Activity |
The answer must be only the lines below from the one holding "贵州甲茶标识导视系统规划设计制作安装_旅游景区导视" down to the one holding "ALEXACHUNG Fun Guy intarsia wool sweater", ends included, printed exactly; please omit all pictures.

Data section |
_____

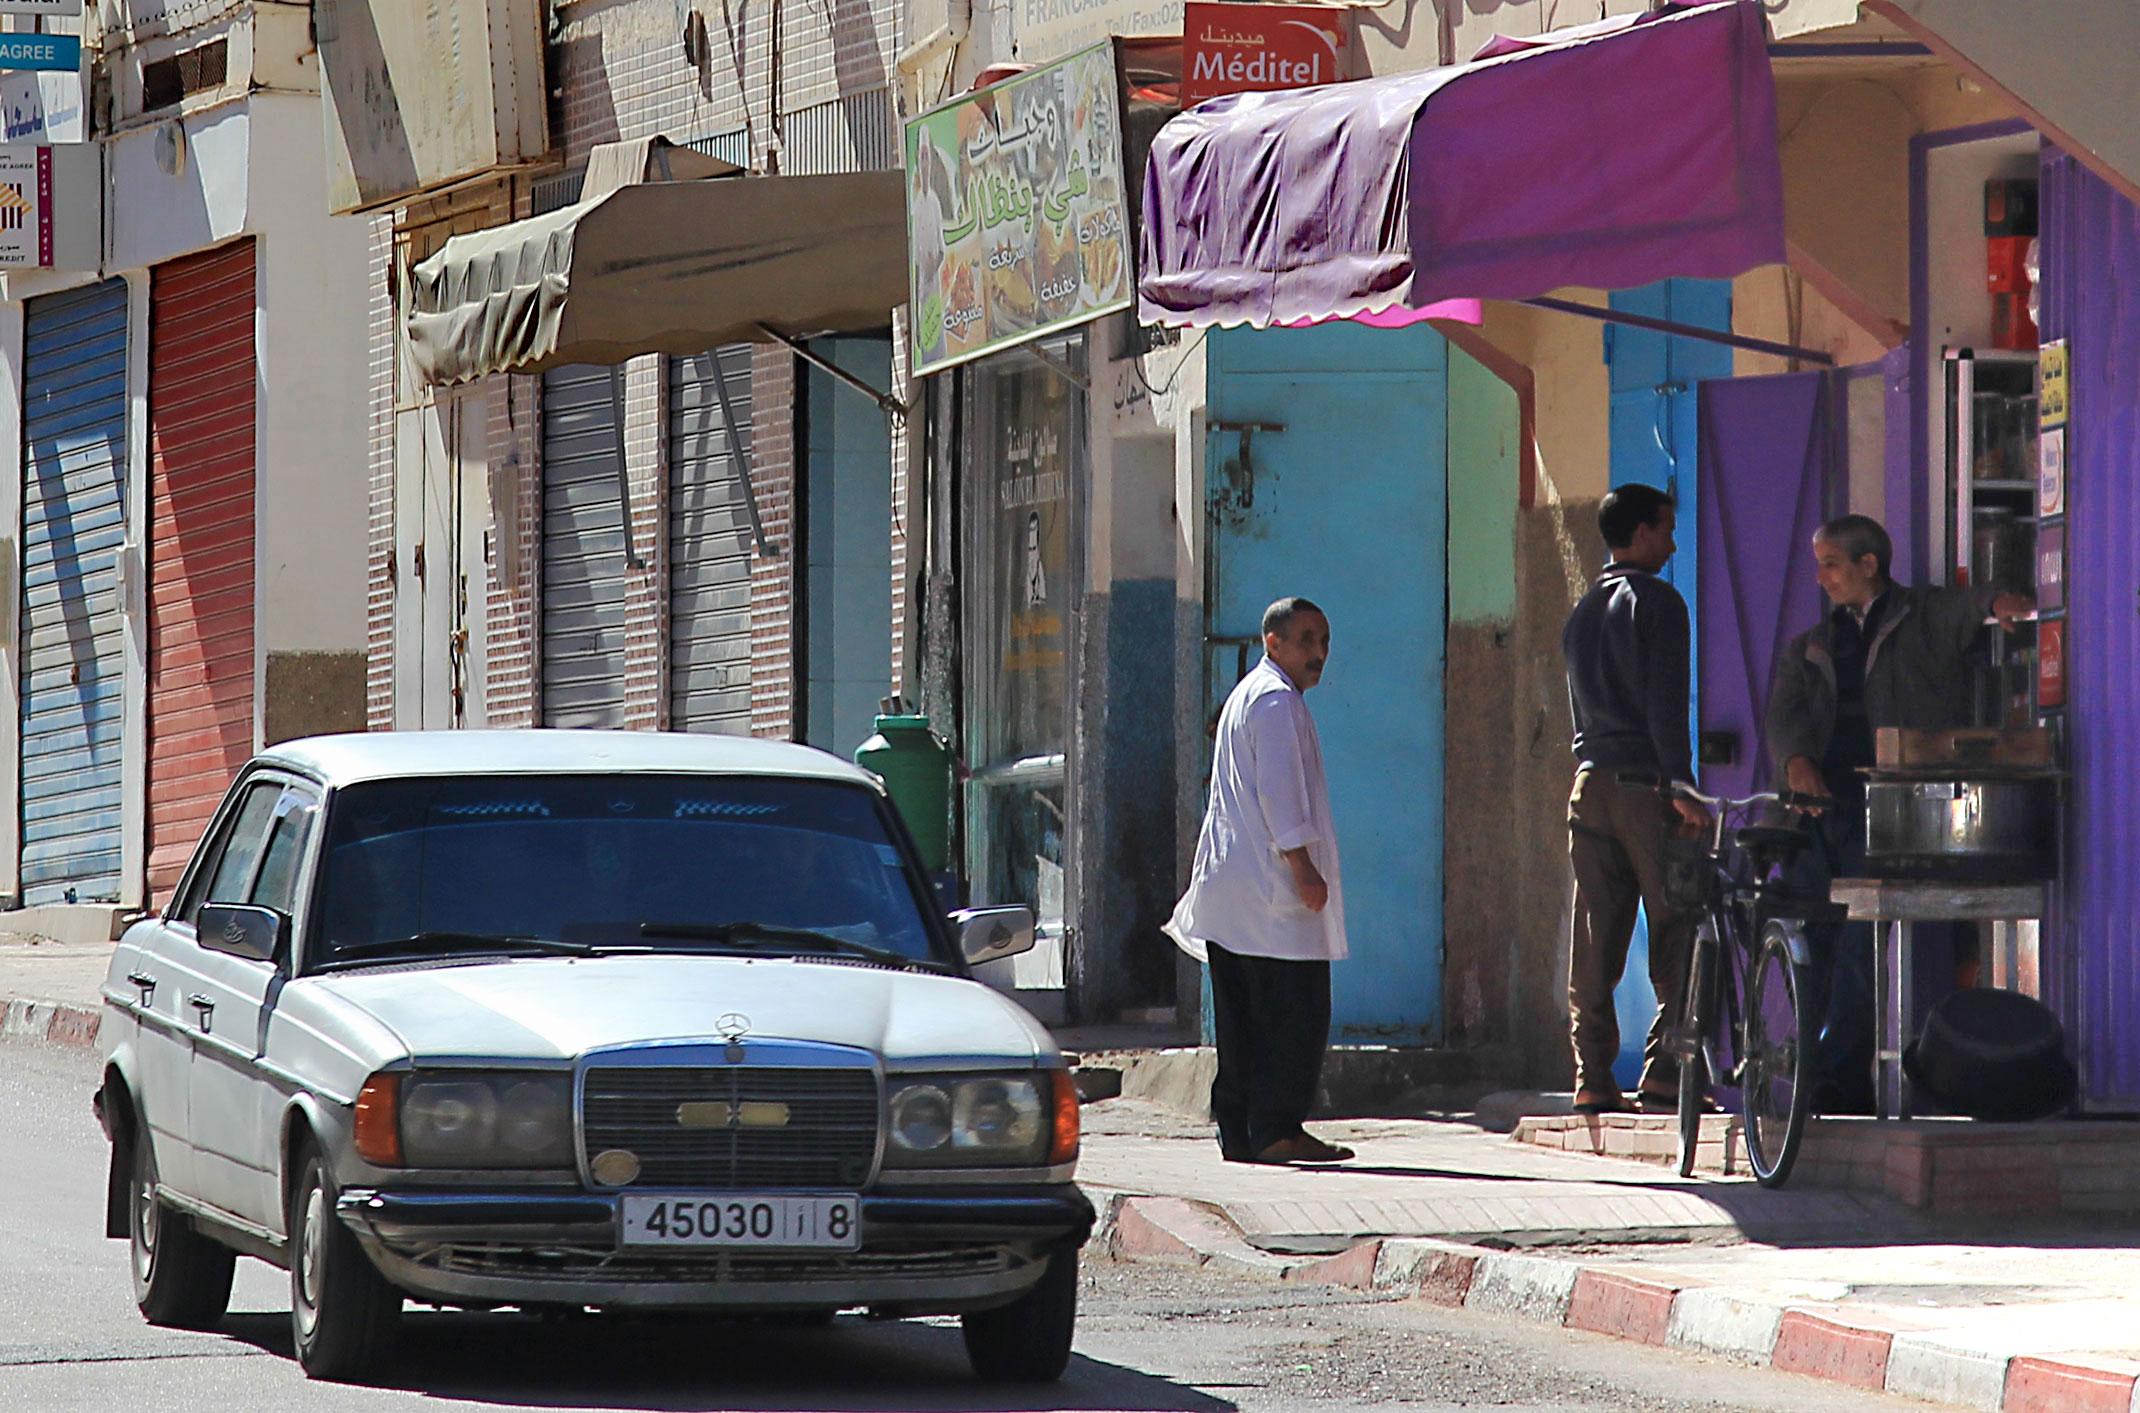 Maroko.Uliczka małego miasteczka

_____

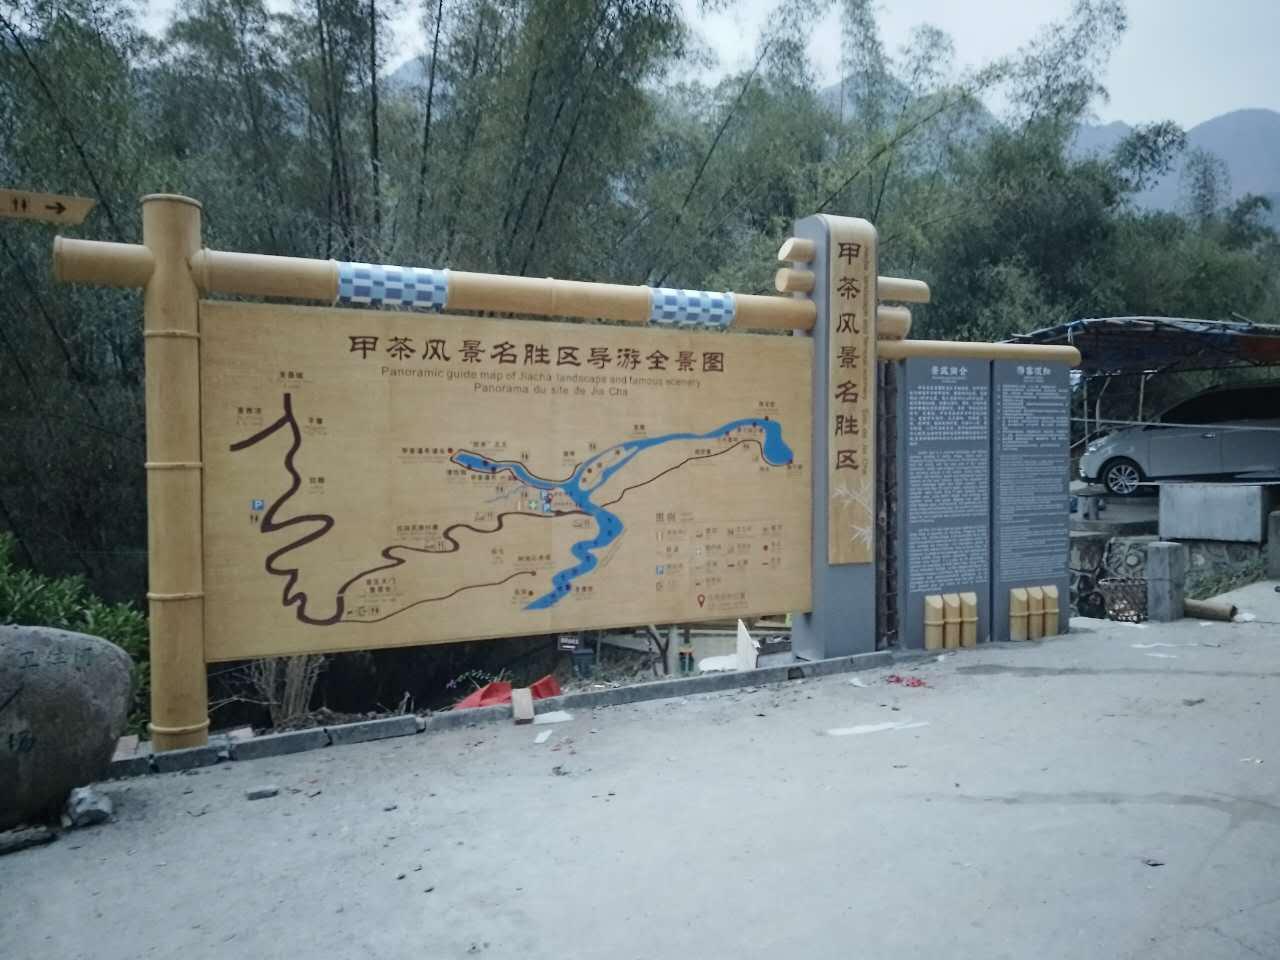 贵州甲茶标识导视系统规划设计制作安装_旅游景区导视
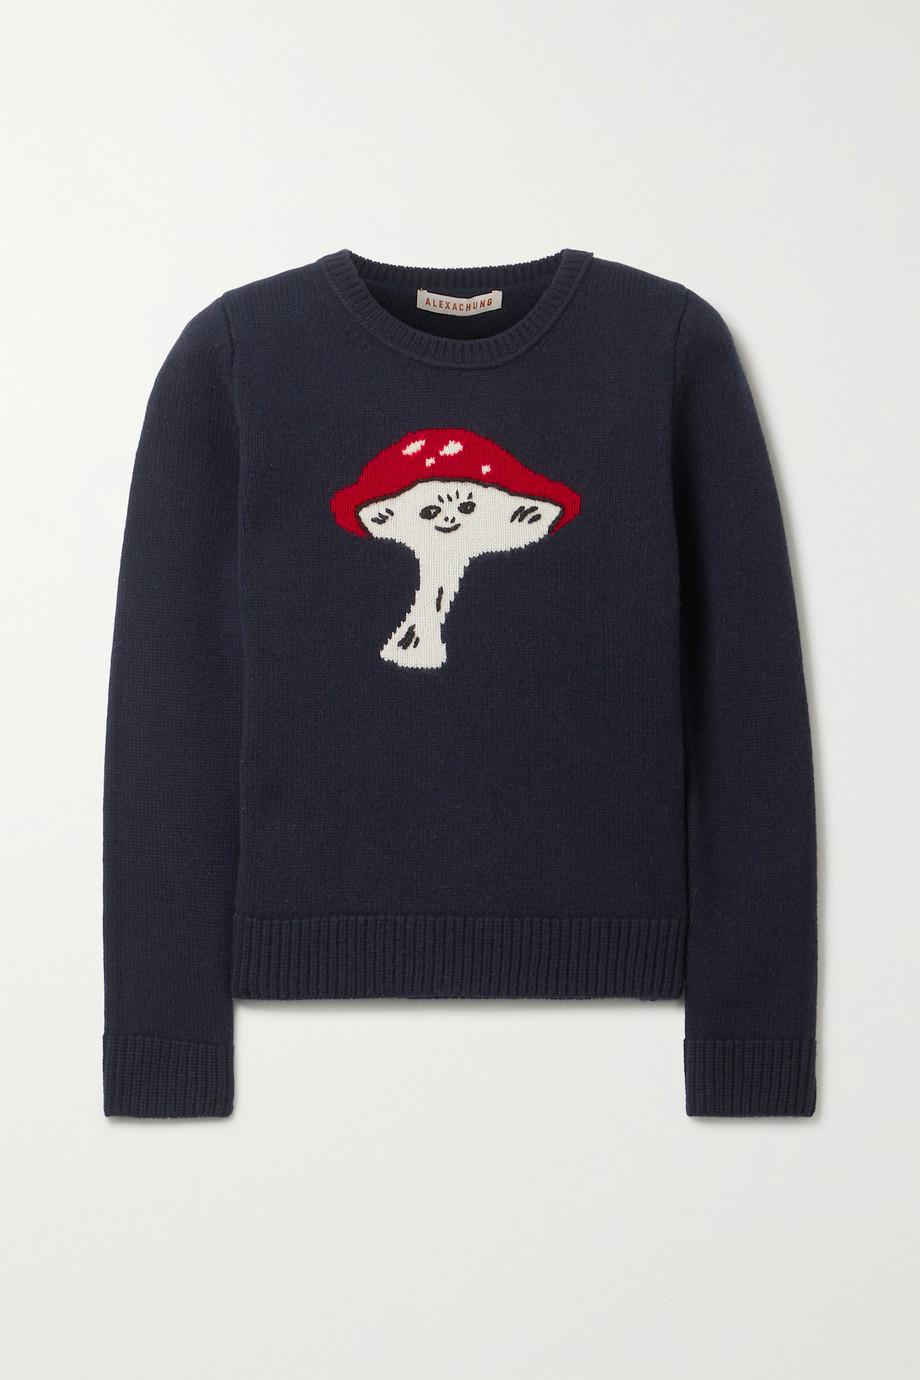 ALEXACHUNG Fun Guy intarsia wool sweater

_____

Expected answer |
 贵州甲茶标识导视系统规划设计制作安装_旅游景区导视
 ALEXACHUNG Fun Guy intarsia wool sweater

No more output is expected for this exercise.